_Action item:_ Every line that contains "music" must be located and copied from the data.

_Data for review:_
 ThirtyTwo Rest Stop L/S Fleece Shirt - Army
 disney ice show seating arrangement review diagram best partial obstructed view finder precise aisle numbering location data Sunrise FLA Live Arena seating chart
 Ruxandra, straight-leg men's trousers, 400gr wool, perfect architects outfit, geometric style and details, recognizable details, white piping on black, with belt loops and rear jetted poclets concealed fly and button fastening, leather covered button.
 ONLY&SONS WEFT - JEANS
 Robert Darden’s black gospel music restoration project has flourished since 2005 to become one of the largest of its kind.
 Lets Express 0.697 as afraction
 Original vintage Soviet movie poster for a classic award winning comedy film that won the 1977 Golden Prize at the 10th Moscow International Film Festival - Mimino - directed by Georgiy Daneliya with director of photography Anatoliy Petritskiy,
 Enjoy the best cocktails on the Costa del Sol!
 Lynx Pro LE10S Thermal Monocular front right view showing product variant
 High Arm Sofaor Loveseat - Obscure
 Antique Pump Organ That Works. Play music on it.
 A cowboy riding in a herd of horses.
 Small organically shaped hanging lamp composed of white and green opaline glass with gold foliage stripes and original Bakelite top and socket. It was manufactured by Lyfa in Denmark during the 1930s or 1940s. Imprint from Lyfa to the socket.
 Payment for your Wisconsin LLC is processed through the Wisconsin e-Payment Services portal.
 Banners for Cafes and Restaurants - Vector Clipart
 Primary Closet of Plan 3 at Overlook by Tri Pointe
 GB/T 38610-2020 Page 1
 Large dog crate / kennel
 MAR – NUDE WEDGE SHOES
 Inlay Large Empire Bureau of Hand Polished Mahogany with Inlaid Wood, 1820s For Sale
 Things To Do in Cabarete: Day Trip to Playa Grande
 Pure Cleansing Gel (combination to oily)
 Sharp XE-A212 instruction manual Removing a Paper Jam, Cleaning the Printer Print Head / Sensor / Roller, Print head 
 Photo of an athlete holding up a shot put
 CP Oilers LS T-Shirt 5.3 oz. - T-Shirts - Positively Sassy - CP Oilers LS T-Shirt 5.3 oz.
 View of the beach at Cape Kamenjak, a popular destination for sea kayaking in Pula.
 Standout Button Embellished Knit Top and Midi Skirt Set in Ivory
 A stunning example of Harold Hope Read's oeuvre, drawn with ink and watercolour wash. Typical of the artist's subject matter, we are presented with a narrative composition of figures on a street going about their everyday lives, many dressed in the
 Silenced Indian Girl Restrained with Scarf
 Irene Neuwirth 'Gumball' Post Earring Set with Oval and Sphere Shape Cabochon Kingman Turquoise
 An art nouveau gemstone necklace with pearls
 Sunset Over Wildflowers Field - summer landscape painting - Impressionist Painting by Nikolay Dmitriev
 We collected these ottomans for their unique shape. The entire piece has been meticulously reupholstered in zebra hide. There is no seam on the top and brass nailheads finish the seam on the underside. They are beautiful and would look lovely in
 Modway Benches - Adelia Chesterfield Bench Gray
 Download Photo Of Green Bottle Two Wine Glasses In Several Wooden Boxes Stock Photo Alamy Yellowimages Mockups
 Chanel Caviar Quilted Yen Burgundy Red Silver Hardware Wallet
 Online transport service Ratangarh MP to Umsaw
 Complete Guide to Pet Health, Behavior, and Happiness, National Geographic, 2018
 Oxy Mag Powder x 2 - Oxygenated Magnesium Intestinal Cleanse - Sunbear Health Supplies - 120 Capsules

_Written reply:_
 Robert Darden’s black gospel music restoration project has flourished since 2005 to become one of the largest of its kind.
 Antique Pump Organ That Works. Play music on it.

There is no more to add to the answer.